Why does SQL Server perform a cluster analysis when the IN clause has a subquery?


If I search for users like so:

FROM userprofile
WHERE userid IN (1, 2, 3)

The execution plan shows that UserProfile is using a Clustered Index Seek

If I change the IN clause to use a subquery:

FROM userprofile
WHERE userid IN (
    SELECT DISTINCT senders.UserId
    FROM messages m
    JOIN UserMessages recipients ON recipients.MessageId = m.MessageId
    JOIN UserMessages senders ON senders.MessageId = m.MessageId
    WHERE recipients.TypeId = 2
        AND recipients.UserId = 1
        AND senders.UserId <> 1
        AND senders.TypeId = 1

The execution plan shows the subquery is using a Clustered Index Seek but the UserProfile outer query is using a Clustered Index Scan.

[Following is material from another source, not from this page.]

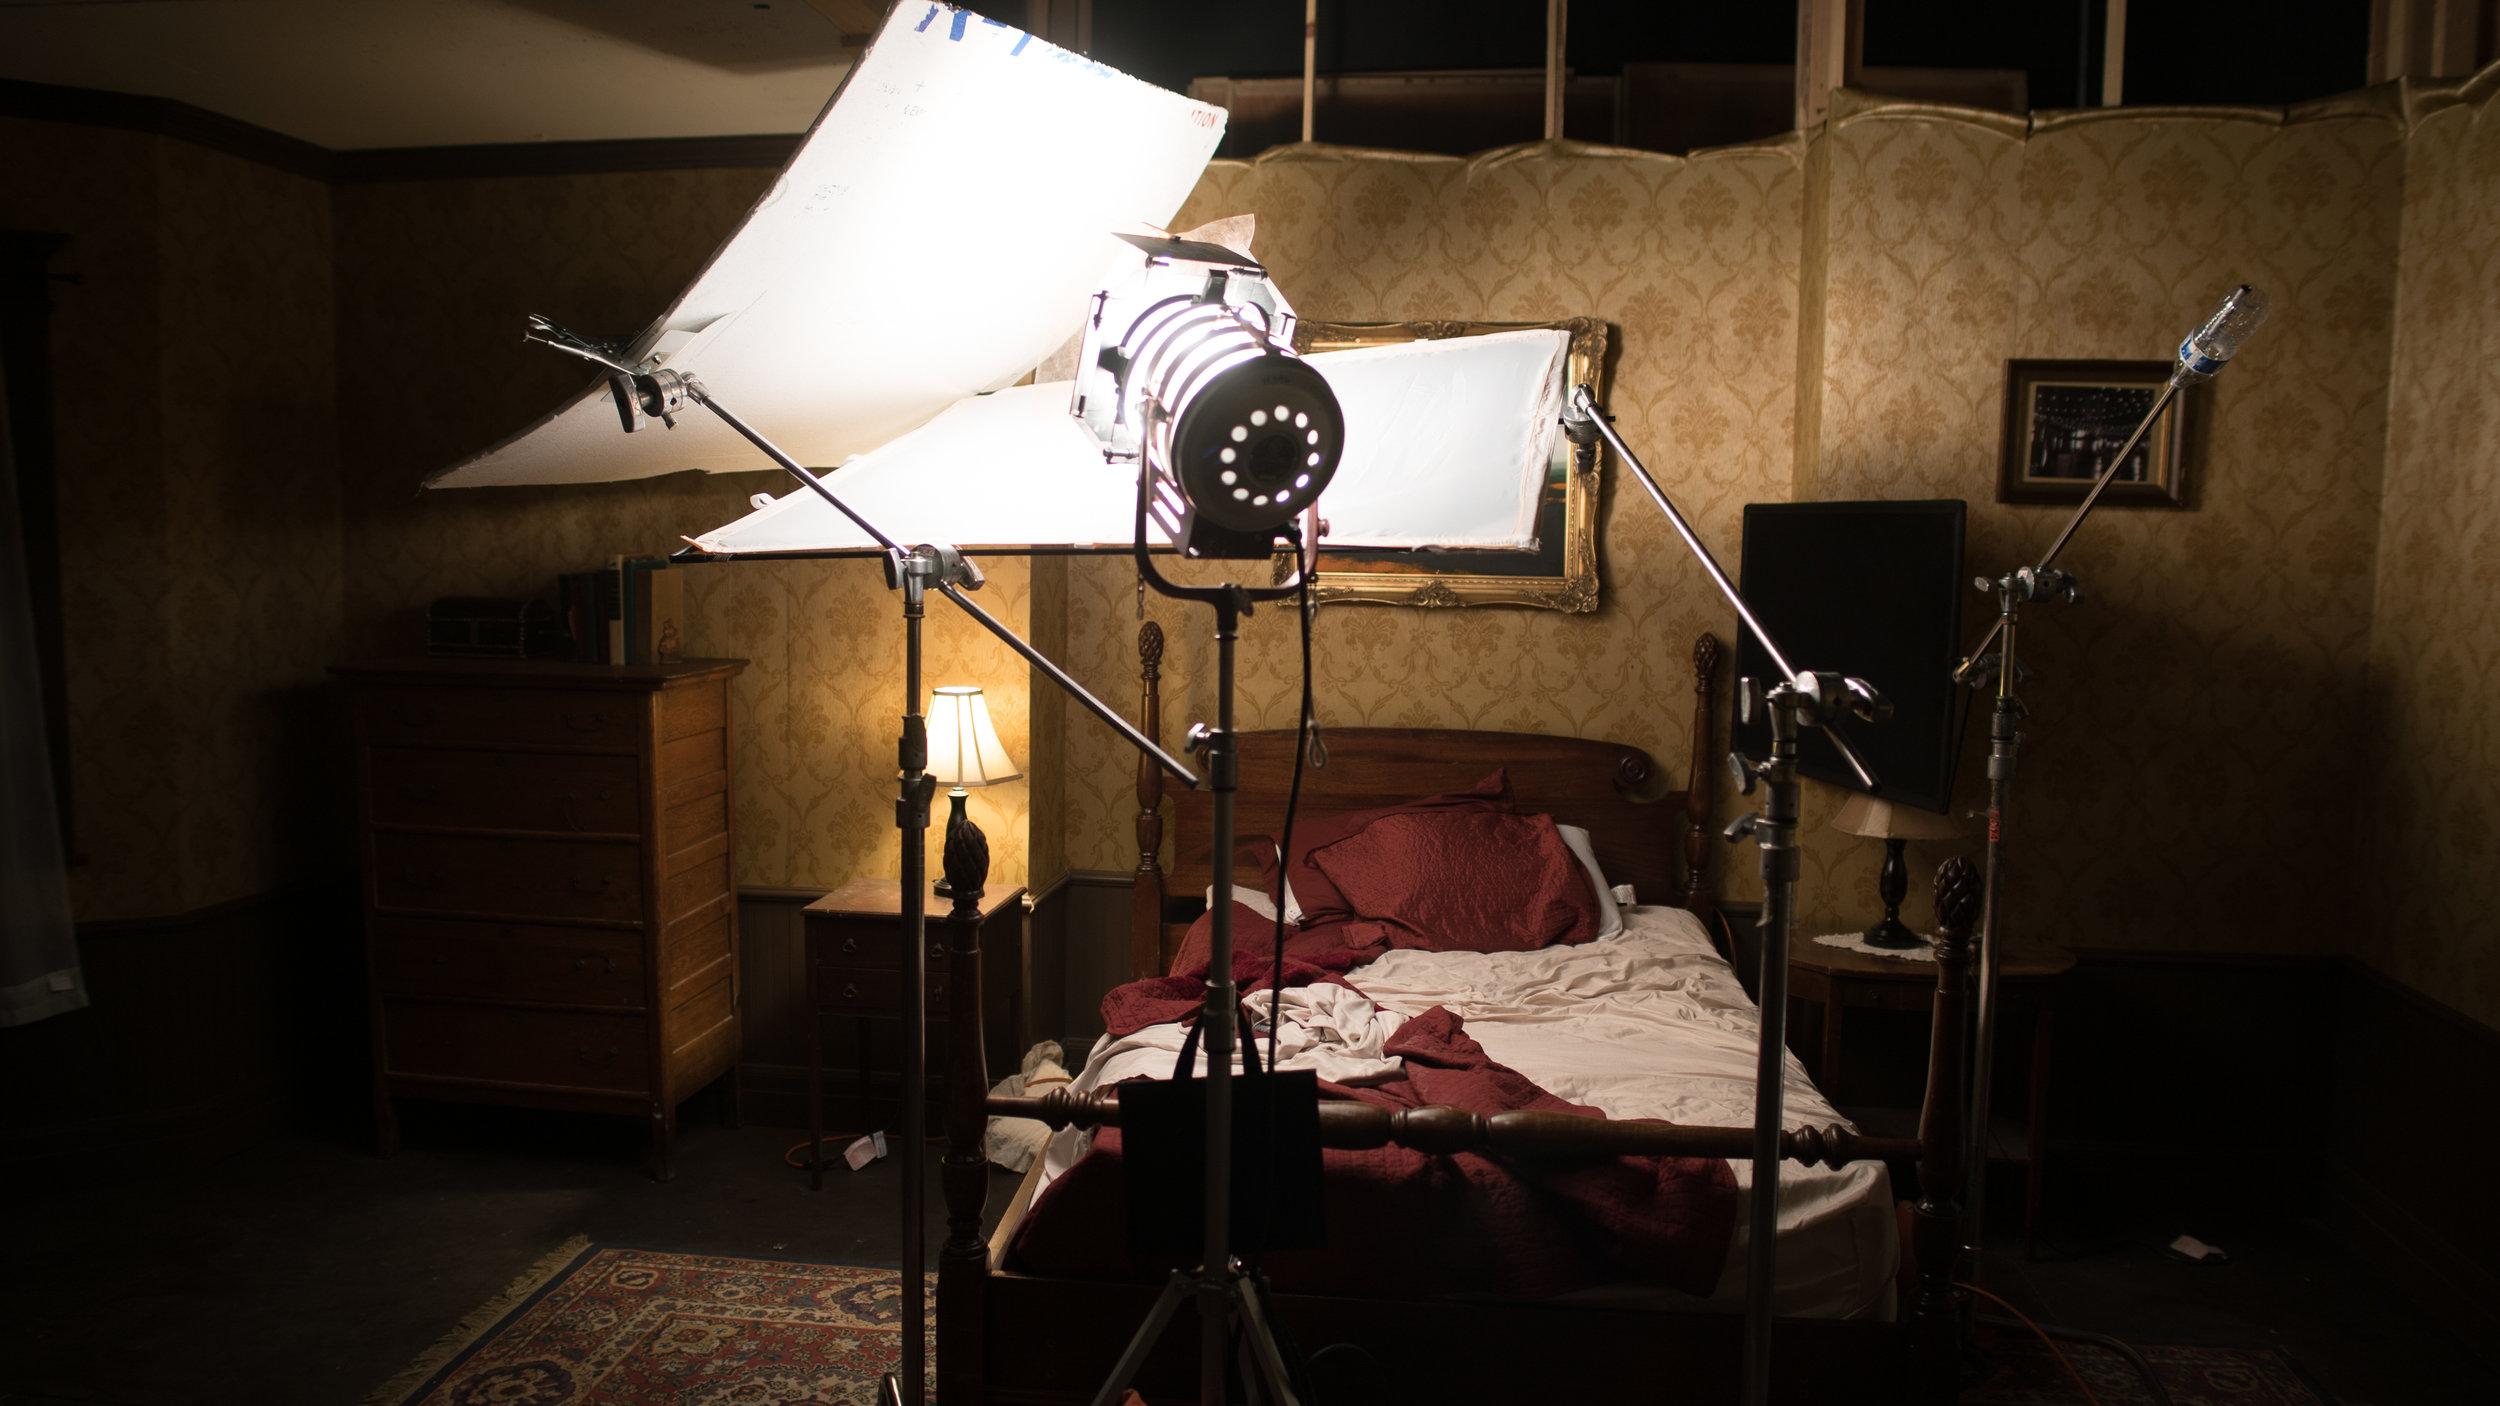 Bed Pre-Light.jpg

How can I write this so both inner and outer queries are using Seeks?

A set of seeks is only cheaper than a full scan if the rowcount is low. SQL Server is pretty conservative so if there is a chance many records will be found, it prefers to scan. In your example, it's pretty clear that userId in (1,2,3) will not return many rows. But with the subquery, SQL Server probably can't tell.

You can force a seek with:

from userprofile with (forceseek)